-- WORK TASK --
Return only the lines of the data below from the line with "Sphinx of Giza" up to and including the line with "Lepidóptera: Pyralidae) Y", exactly as written, with the pictures omitted.

-- SUPPLIED RECORDS --

☆ ☆ ☆

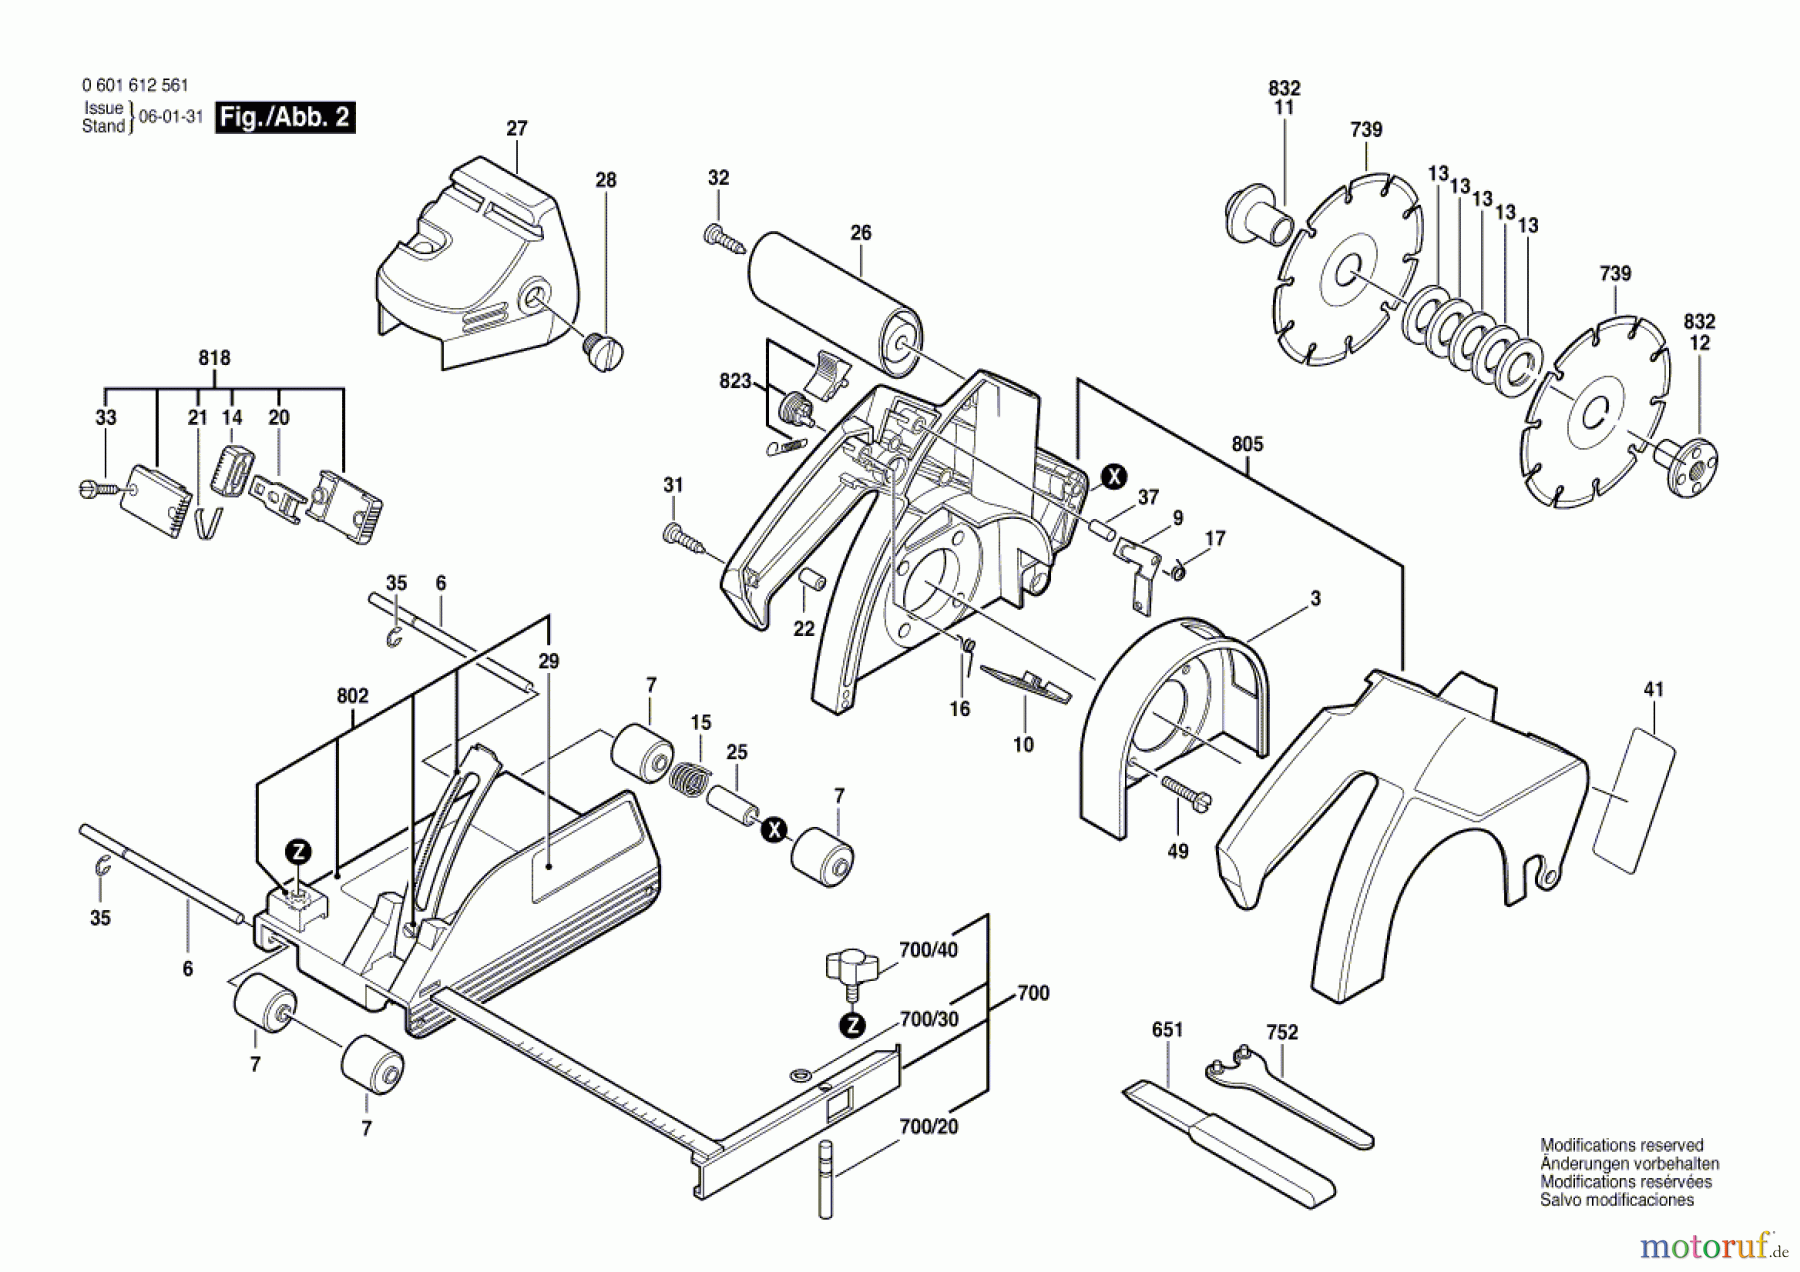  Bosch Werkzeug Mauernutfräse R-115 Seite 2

☆ ☆ ☆

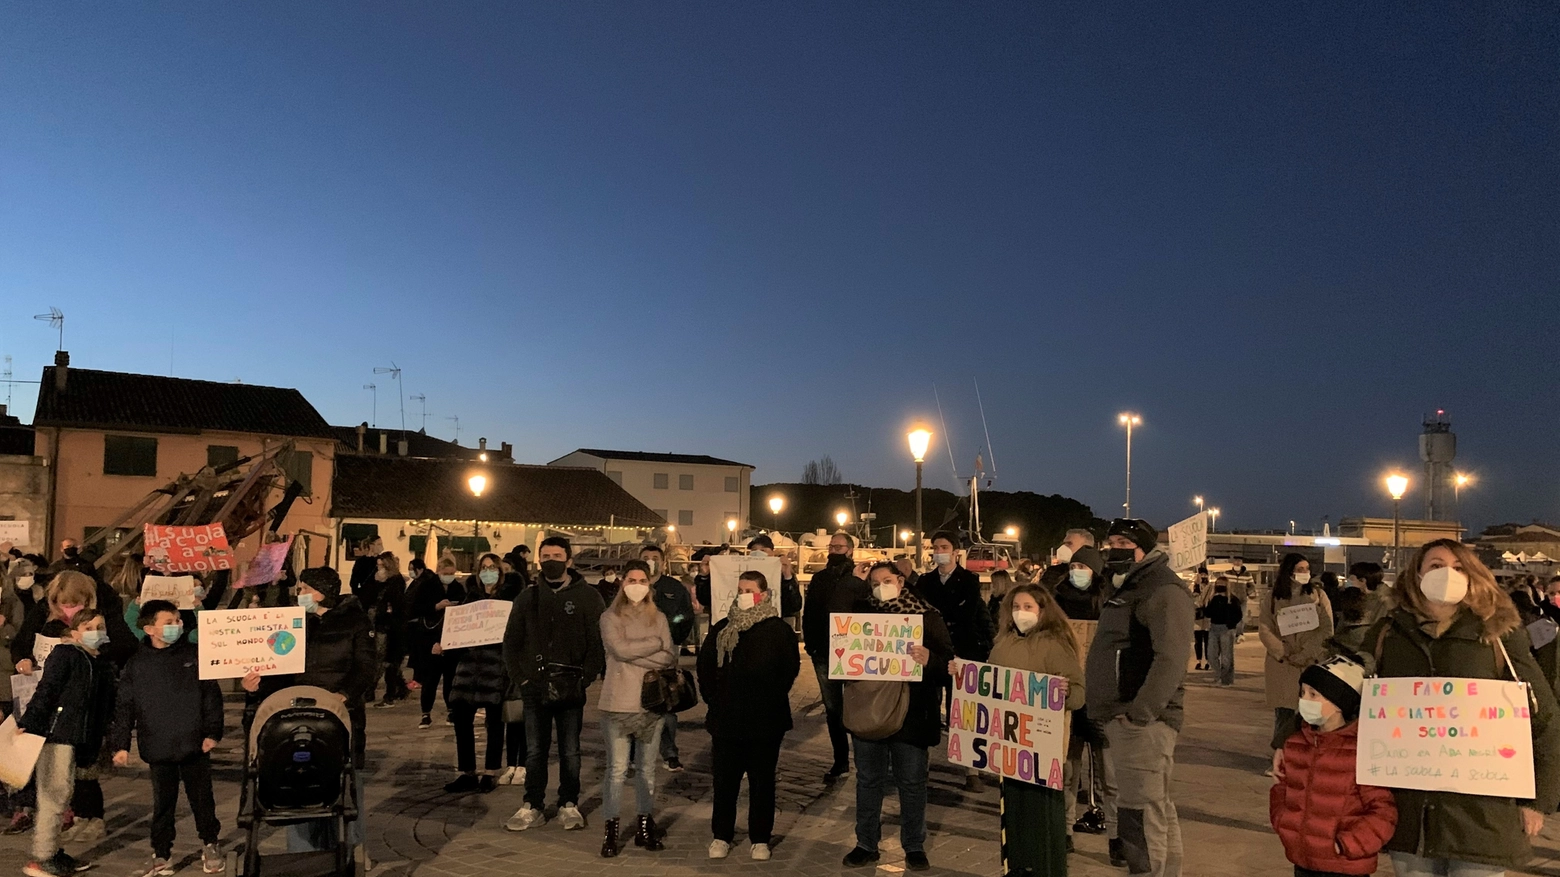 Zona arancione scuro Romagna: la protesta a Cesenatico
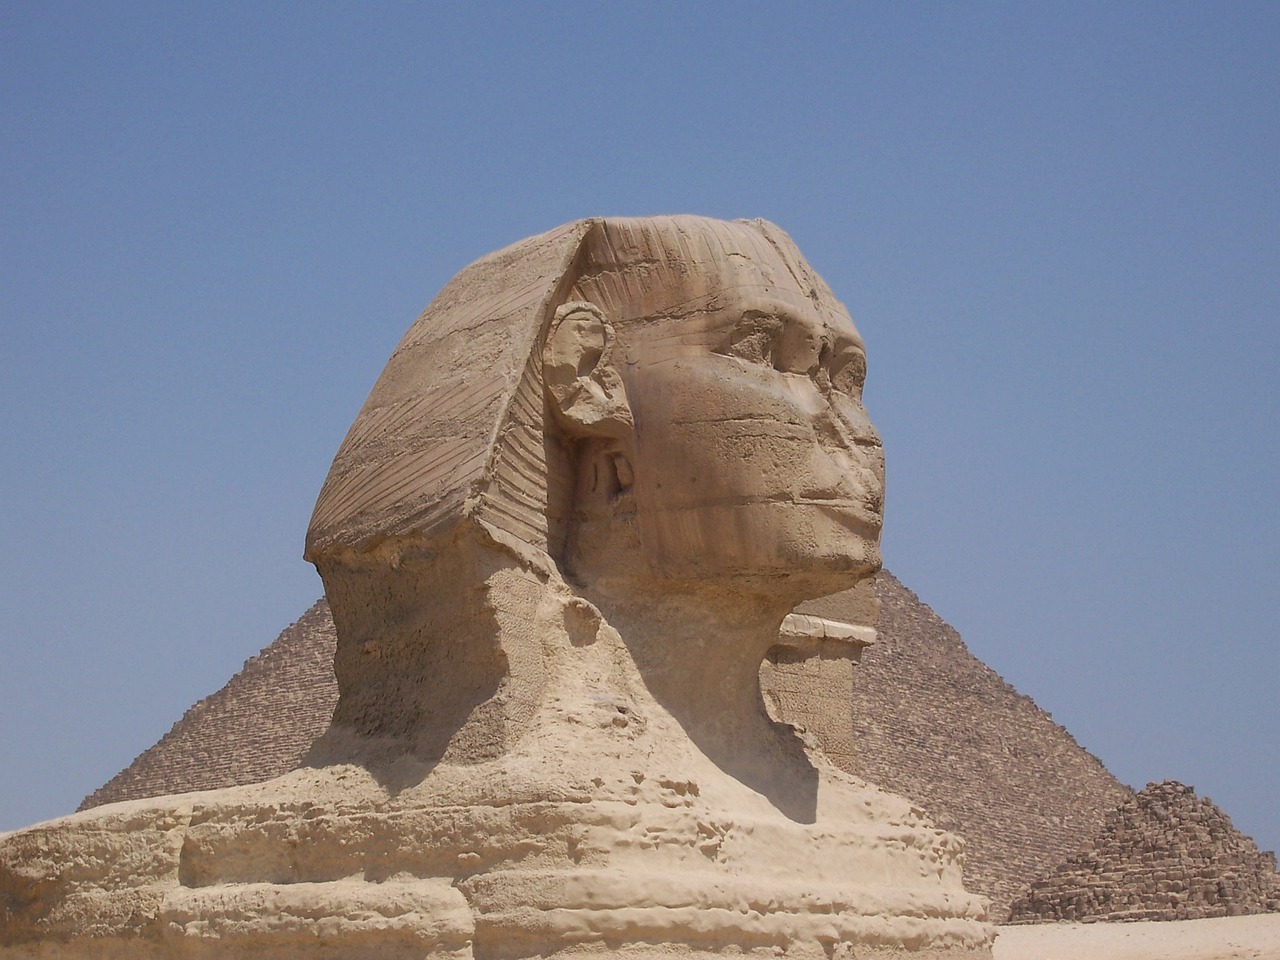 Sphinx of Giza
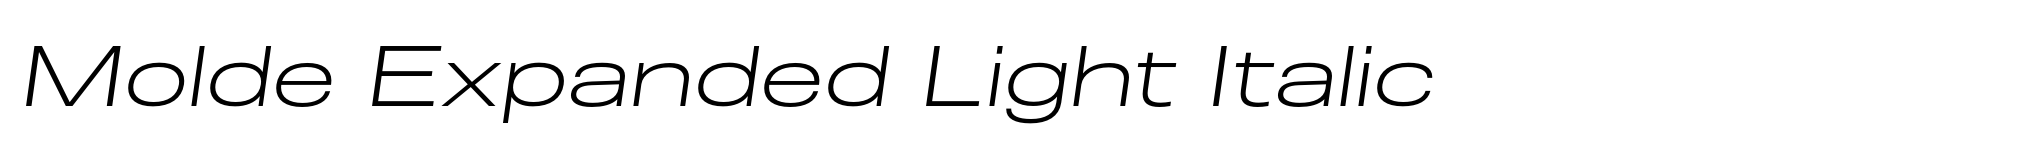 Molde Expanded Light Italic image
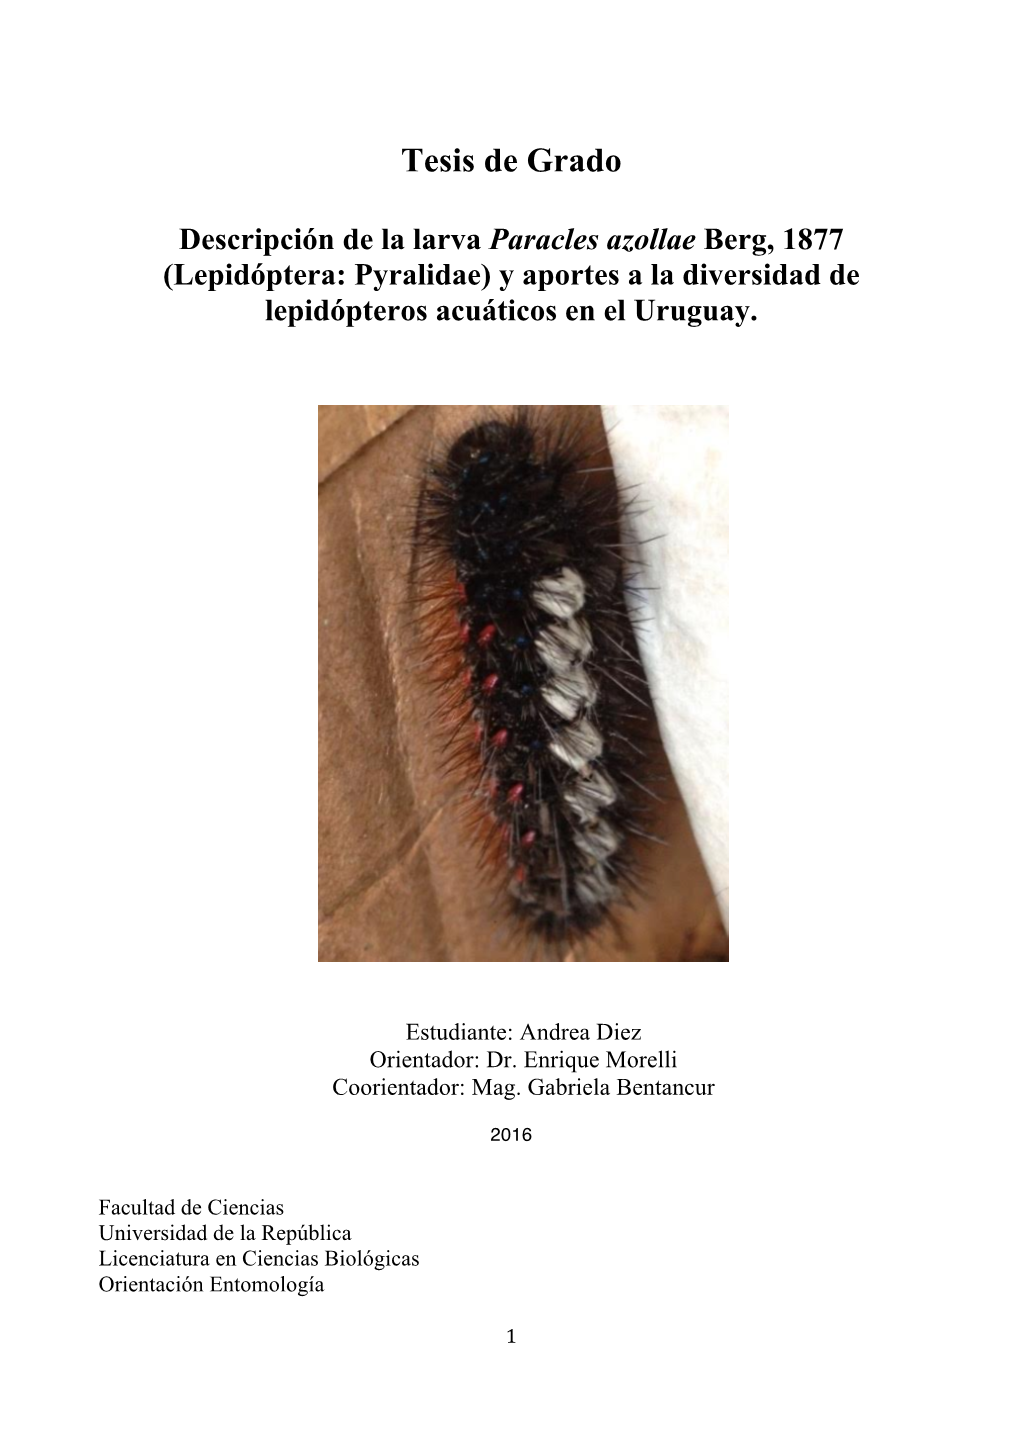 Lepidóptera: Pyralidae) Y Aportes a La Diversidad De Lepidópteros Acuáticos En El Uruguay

☆ ☆ ☆

-- ANSWER SECTION --
 Sphinx of Giza
 Molde Expanded Light Italic image
 Lepidóptera: Pyralidae) Y Aportes a La Diversidad De Lepidópteros Acuáticos En El Uruguay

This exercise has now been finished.